So this boy, son of Panounia the chief, became, at the age of fourteen years, a warrior among his father's people.
The inhabitants of that great island were all of one race. In history they are known as Beothics. At the time of this tale they were divided into two nations or tribes. Hate had set them apart from one another, breaking the old bond of blood. Each tribe was divided into numerous villages. The island was shared pretty evenly between the nations. Soft Hand was king of the Northerners. It was of one of his camps that the father of Wolf Slayer was chief.
Soft Hand was a great chief, and wise beyond his generation. For more than fifty years he had held the richest hunting-grounds in the island against the enemy. His strength had been of both head and hand. Now he was stiff with great age. Now his hair was gray and scanty, and unadorned by flaming feathers of hawk and sea-bird. The snows of eighty winters had drifted against the walls of his perishable but ever defiant lodges, and the suns of eighty summers had faded the pigments of his totem of the great Black Bear. Though he was slow of anger, and fair in judgment, his people feared him as they feared no other. Though he was gentle with the weak and young, and had honoured his parents in their old age and loved the wife of his youth, still the strongest warrior dared not sneer.
The village of this mighty chief was situated at the head of Wind Lake. On the night of Wolf Slayer's adventure, Soft Hand and his grandson arrived at the lesser village on the River of Three Fires. They travelled in bark canoes and were accompanied by a dozen braves. The grandson of the old chief was a lad of about Wolf Slayer's age. He was slight of figure and dark of skin. His name was Ouenwa.

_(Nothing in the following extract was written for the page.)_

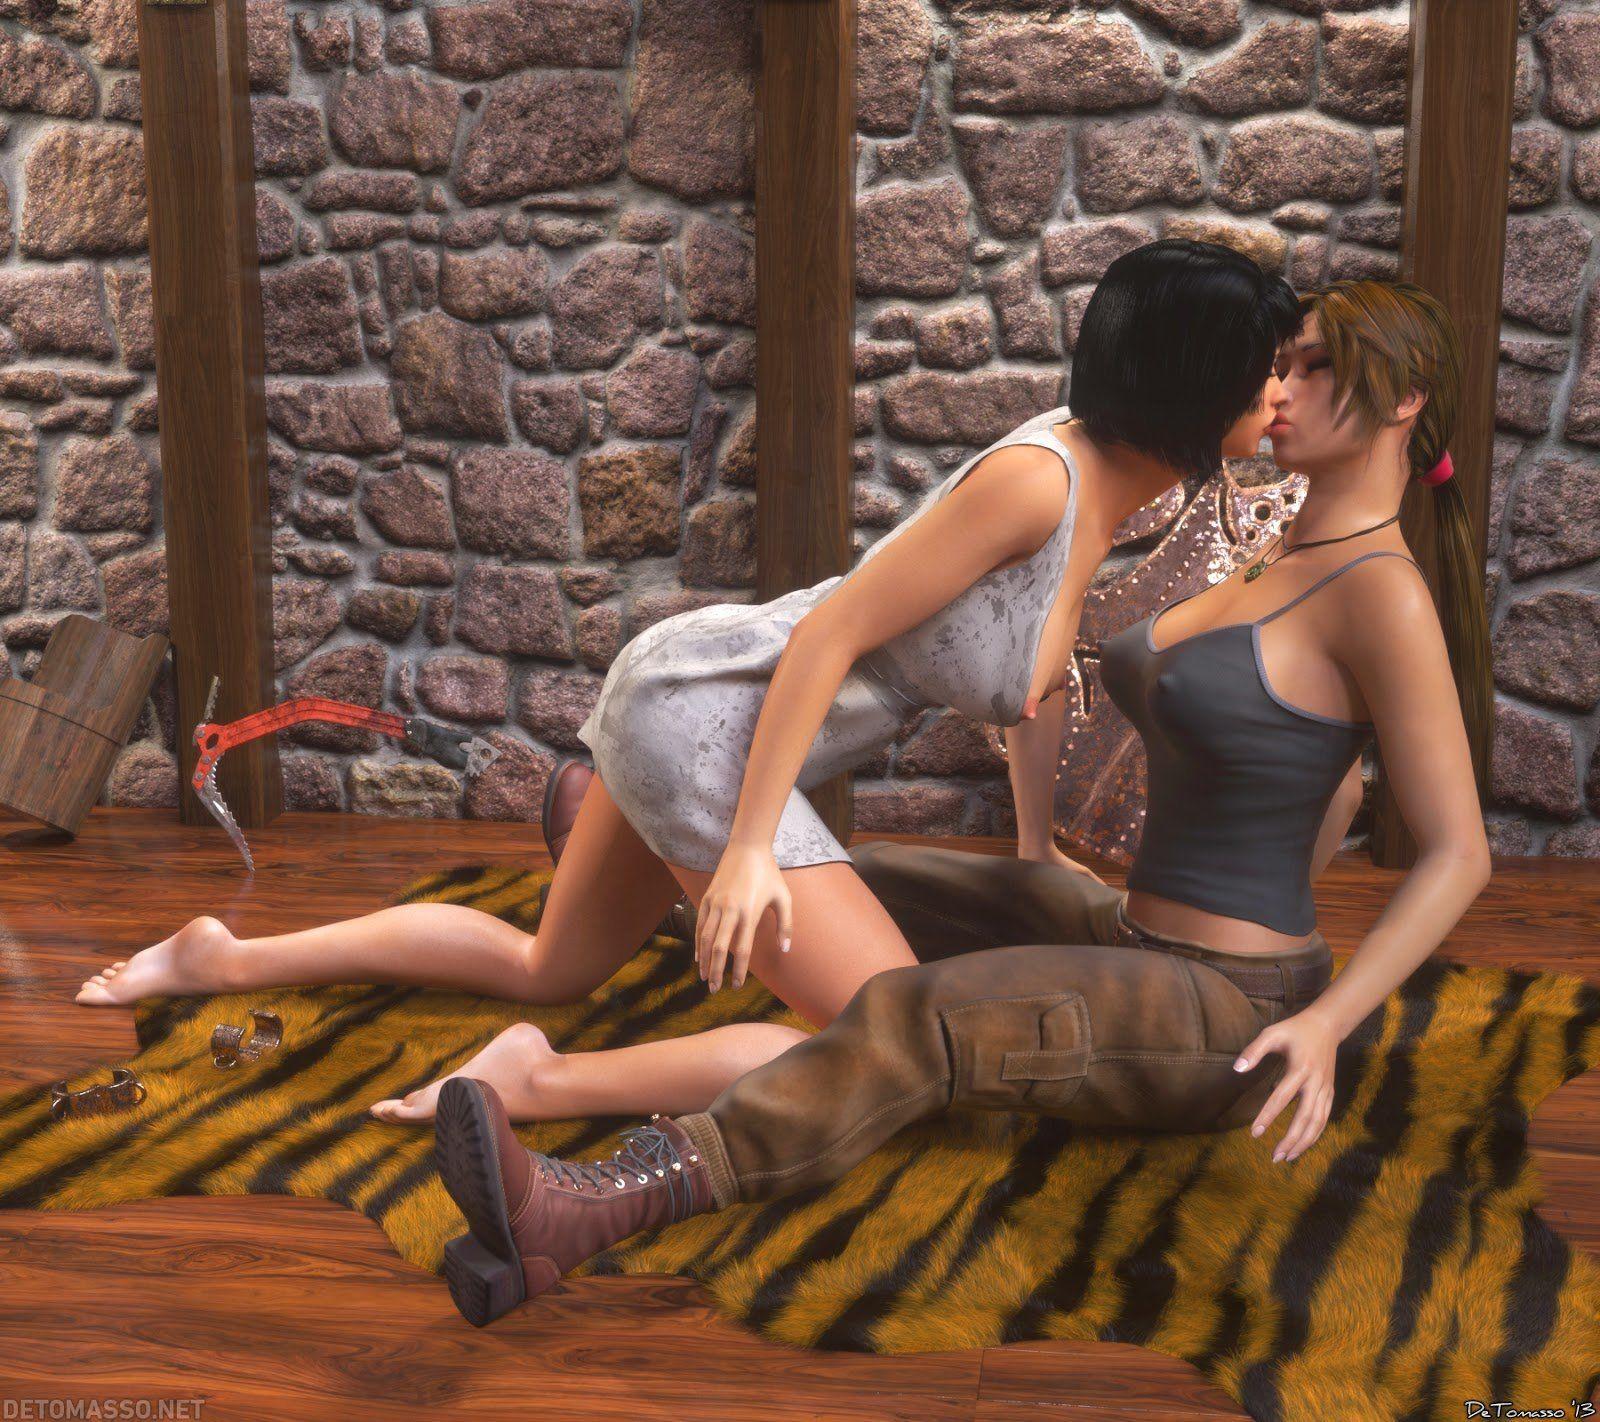 hentaihome.net-Tomb-Raider-porno-3D-4

He was a dreamer of strange things, and a maker of songs. He and Wolf Slayer sat together by the fire. Wolf Slayer held his wounded arm ever under the visitor's eyes, and talked endlessly of his deed. For a long time Ouenwa listened attentively, smiling and polite, as was his usual way with strangers. But at last he grew weary of his companion's talk. He wanted to listen, in peace, to the song of the river. How could he understand what the rapids were saying with all this babbling of "knife" and "wolf" in his ears?
"All this wind," he said, "would kill a pack of wolves, or even the black cave-devil himself."
"There is no wind to-night," replied Wolf Slayer, glancing up at the trees.
"There is a mighty wind blowing about this fire," said Ouenwa, "and it whistles altogether of a great warrior who slew a wolf."
"At least that is not work for a dreamer," retorted the other, sullenly. Ouenwa's answer was a smile as soft and fleeting as the light-shadows of the fire.
At an early hour of the next morning the great chief's party started up-stream in their canoes, on the return journey to Wind Lake. For hours Soft Hand brooded in silence, deaf to his grandson's hundred questions. He had grown somewhat moody in the last year. He gazed away to the forest-clad, mist-wreathed capes ahead, and heeded not the high piping of his dead son's child. His mind was busy with thoughts of the events of the past night. He recalled the tones of Panounia's voice with a shake of the head. He recalled the sullen smouldering of that stalwart chief's eyes. He sighed, and glanced at the lad in the forging craft beside him.
"I grow old," he murmured. "The voice of my power is breaking to its last echo. My command over my people slips like a frozen thong of raw leather. And Panounia! What lurks in the dull brain of him?"